Monday, Sep. 28, 1942
A Million Have Died
Sorrow for Stalingrad tempered Russia's somber pride in Leningrad. The tsar-made city on the Baltic, entering its second year of siege, presented to Russia and the world an epic of agony and heroism which in its duration and sustained intensity exceeded even the siege of Sevastopol.
One year ago, Field Marshal Wilhelm Ritter von Leeb threw three armies around the city. He failed to take it by storm. He then settled down to reduce it by attrition. Early in the siege, warehouses chocked with food enough for three years were destroyed by German bombers. The air was acrid with burning wheat. Gutters ran with melted chocolate.
A terrible decision had to be made--who should eat? From limited food stocks, soldiers and defense workers were fed enough to keep them going.
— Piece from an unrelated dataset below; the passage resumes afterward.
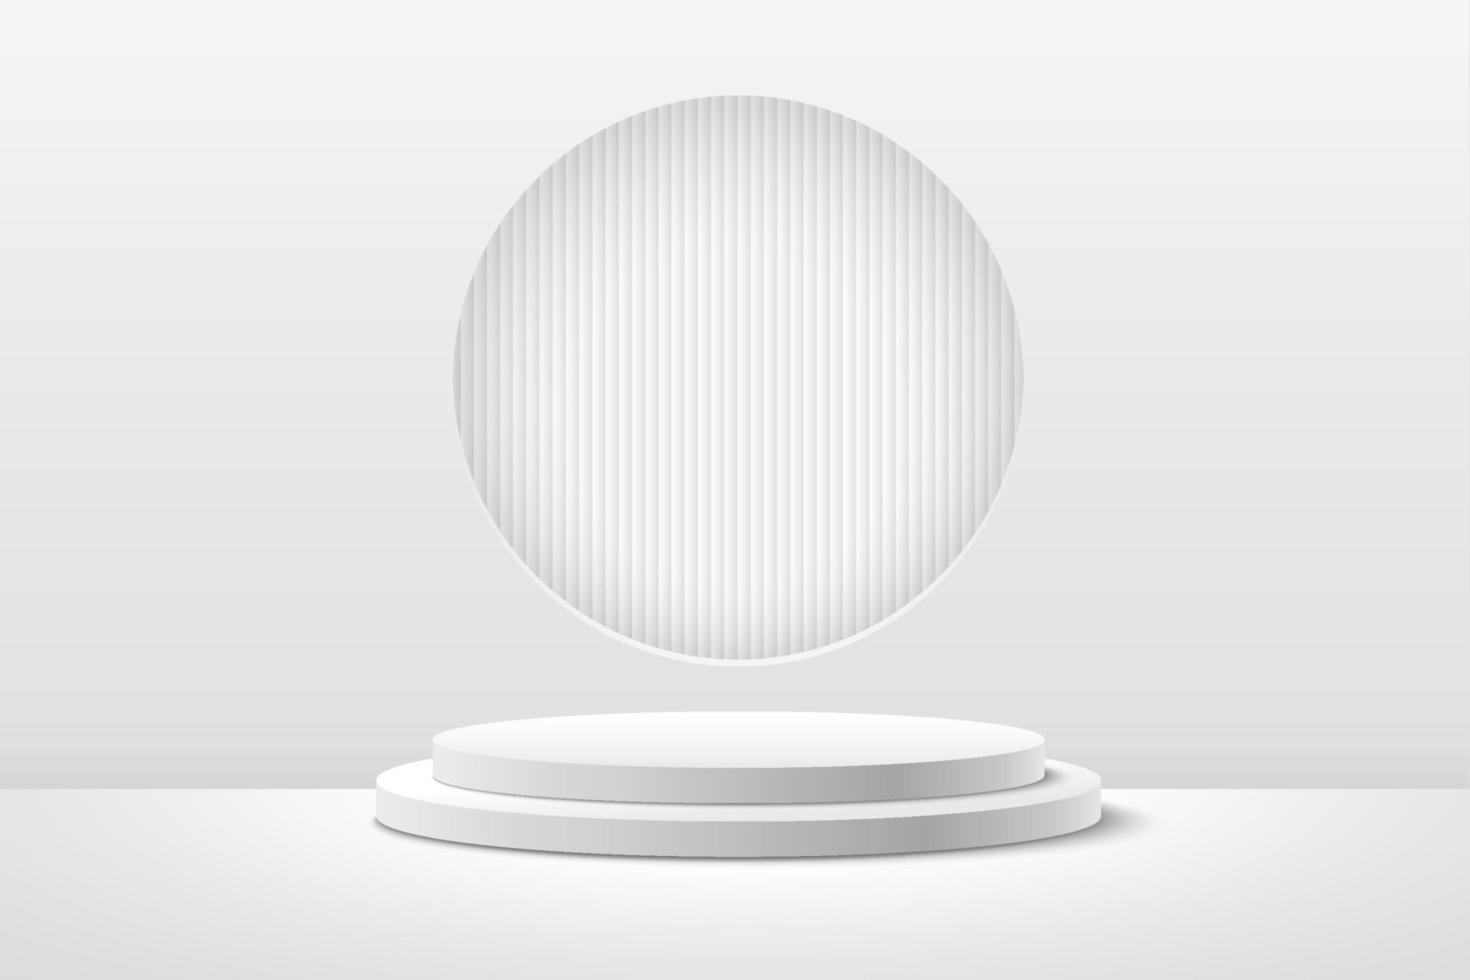 exhibición redonda abstracta para el producto en el sitio web en moderno. representación de fondo con podio y escena de pared de textura blanca mínima, forma geométrica de representación 3d color blanco y gris. vector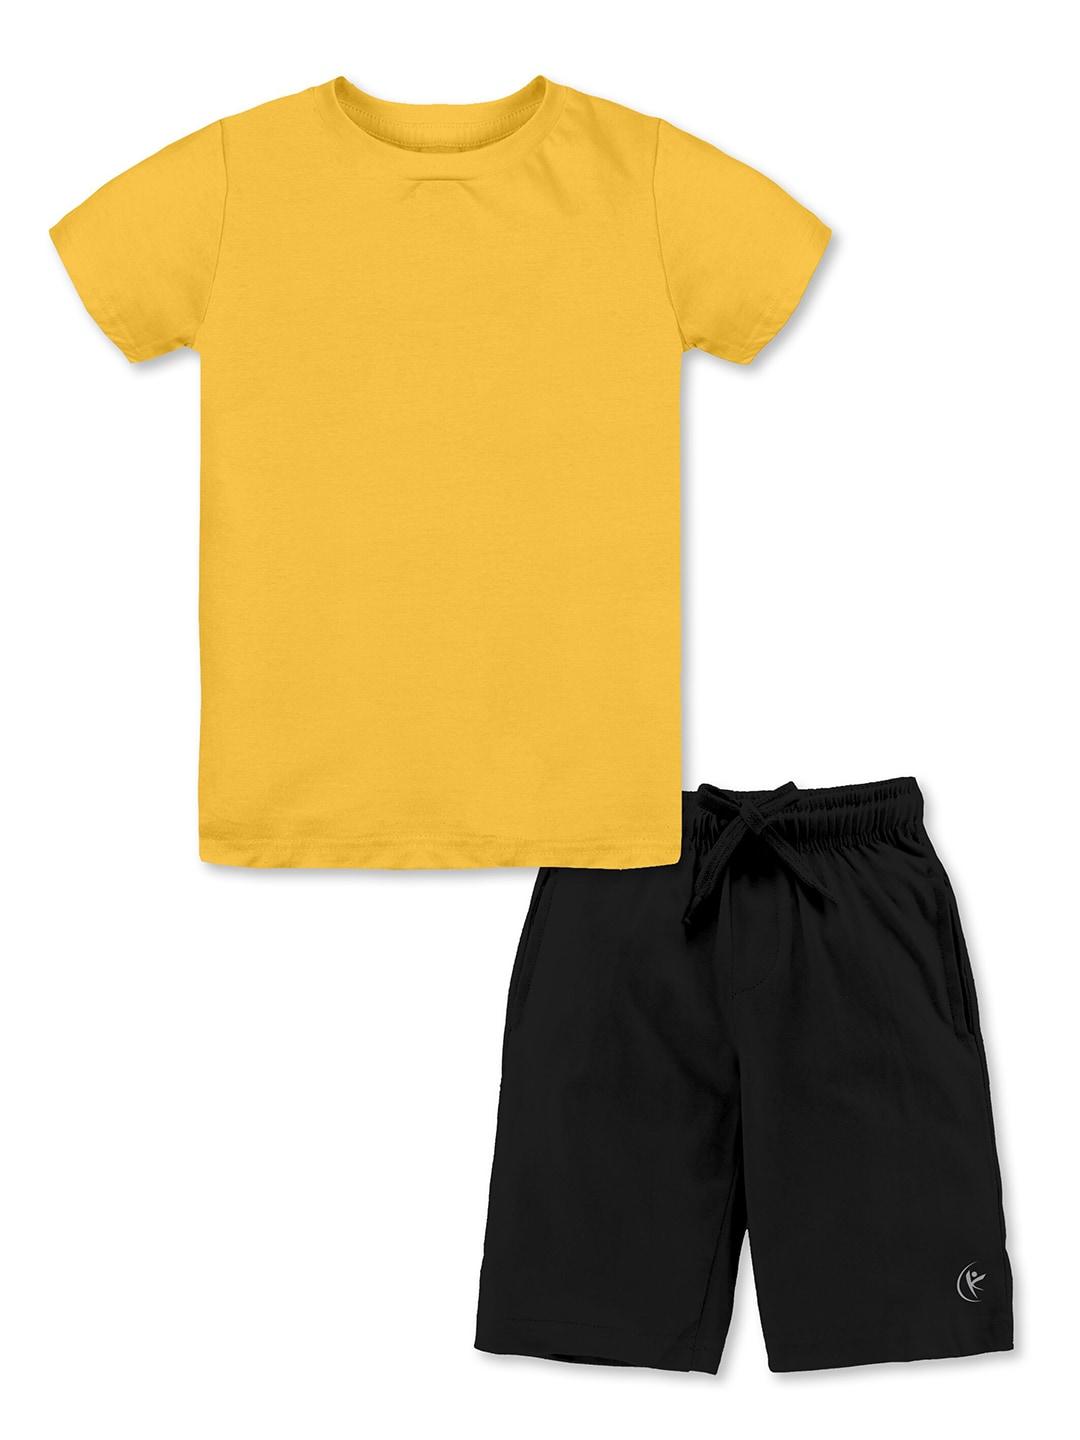 KiddoPanti Boys Pure Cotton T-shirt with Shorts

The rest of the city's 3,000,000 men, women & children were given only 125 grams of bread a day --about a slice and a half. From starvation, cold, disease and German bombs more than 1,000,000 died. The rest fought on.
The major part of its vast machine-tool, precision-instrument and other industries had been moved beyond the Urals. So Leningrad, to produce its own guns and shells, had to depend on the remaining fraction of its industries.
The sacrifice helped prevent the German from shattering Russia's Murmansk supply route and enabled Russia to keep Kronstadt, its last base in the Baltic. From Kronstadt Russian submarines and other survivors of the Red Fleet last week were still harassing Axis ships in the Gulf of Finland. On the Karelian Isthmus Russian soldiers were still holding off Finnish assaults. Leeb's armies, which once had plunged 125 miles east, now had been pushed back 100 miles and were holding a corridor only eight miles wide stretching north to Lake Ladoga (see map). Against both sides of the corridor the Russians were pressing hard.
A talisman in time of Russia's distress, Leningrad stood firm.